In 2010, Mayor Mandel convened a taskforce, which lead to the Elevate Report, to address these and other challenges of aging neighbourhoods. This was largely inspired by the school closures in older communities as young families headed for more affordable housing in new suburbs.

While the Elevate Report, and the creation of the City of Edmonton’s Office of Great Neighbourhoods and their Neighbourhood Renewal Program hold promise, city council needs to focus more firmly on mature neighbourhoods.

If elected Ward 10 city councillor I intend to bring the renewal and viability of mature neighbourhoods back to the forefront, seriously.

There are 6 important ideas for mature neighbourhoods, ideas that will bring much-needed energy to these communities. I will work with the city administration and community leaders in mature neighbourhoods to:


  • Strive to achieve the 1.5 % tax levy for neighbourhood renewal. This will continue to refurbish mature neighbourhoods roads, sidewalks and drainage infrastructure.
  • Build and solidify partnerships between our city council, public and catholic school boards and the provincial government to ensure we are planning collaboratively.
  • Build school sustainability and early learning partnerships that focus on keeping schools open and providing necessary early learning and childcare spaces in mature neighbourhoods.
  • Develop a more aggressive infill housing strategy that is connected to school sustainability, the attraction of new families, and the retention of seniors in our communities.
  • Develop a commercial district and retail vibrancy strategy, including creating land use amendments and tax incentives geared toward building improvements and new local business development.
  • Build smart communities that enhance and protect green spaces and parks.  We must build in energy efficiency and smart technology for all new infill and retrofit strategies for older homes in mature neighbourhoods.


Great cities are built on great neighbourhoods. I will ensure that the next city council is committed to the sustainability and viability of mature neighbourhoods in Edmonton. There is a lot the city can do to prevent the boom bust patterns in older communities.  I am ready to get to work on these ideas on October 22nd.

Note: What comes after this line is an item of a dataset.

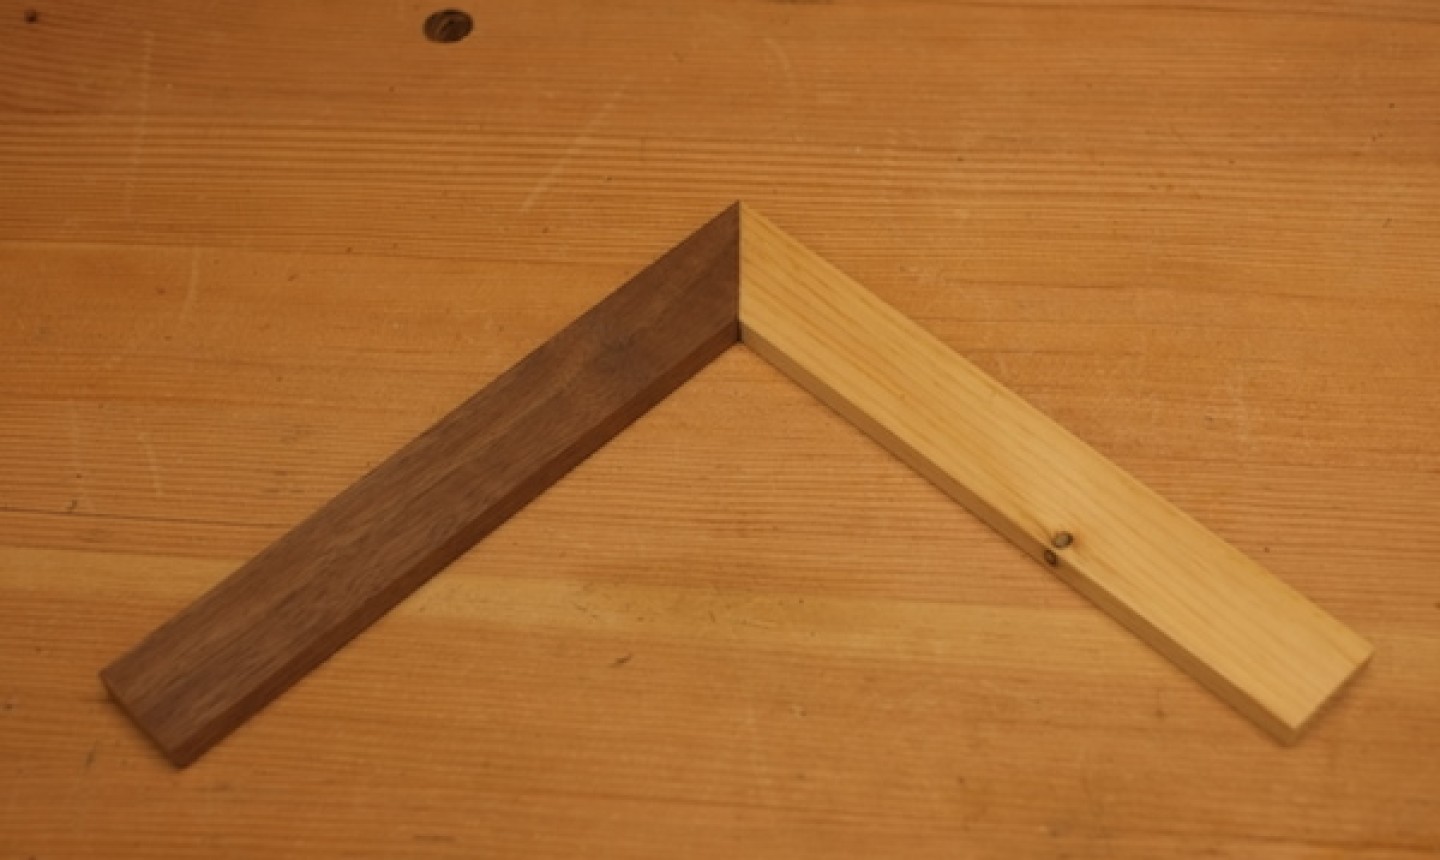 Miter joint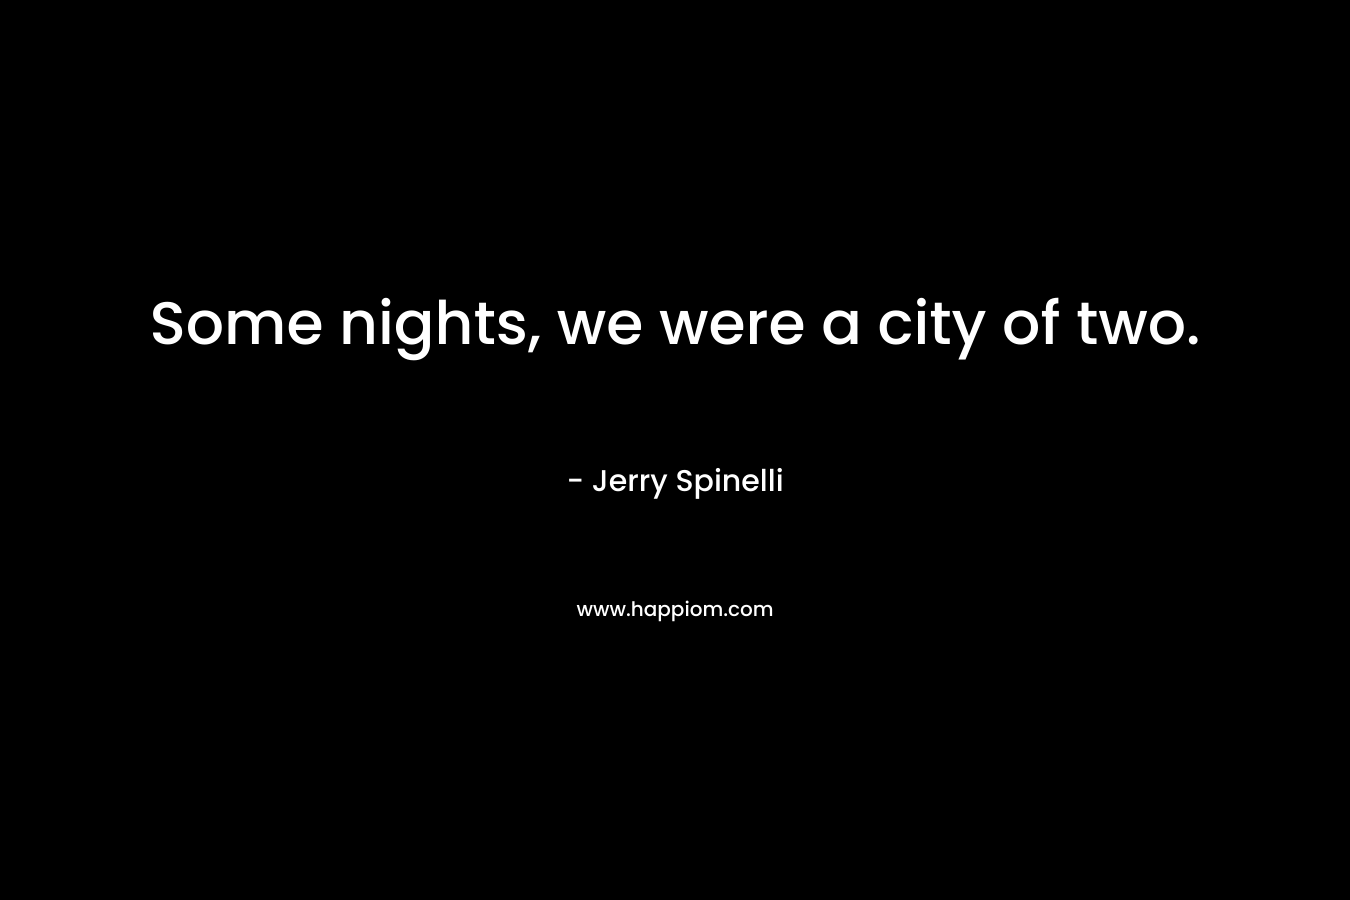 Some nights, we were a city of two.

With the support of the Muttart Foundation, Michael organized hundreds of citizens to lead the early renewal of 118th Avenue by eliminating 100s of slum houses and revitalizing commercial properties. Michael is currently leading the RE-Imagine Petrolia Mall Campaign in Greenfield, Royal Gardens and Aspen Gardens, in an effort to attract new investment and business to the community, like the recently opened No Frills grocery.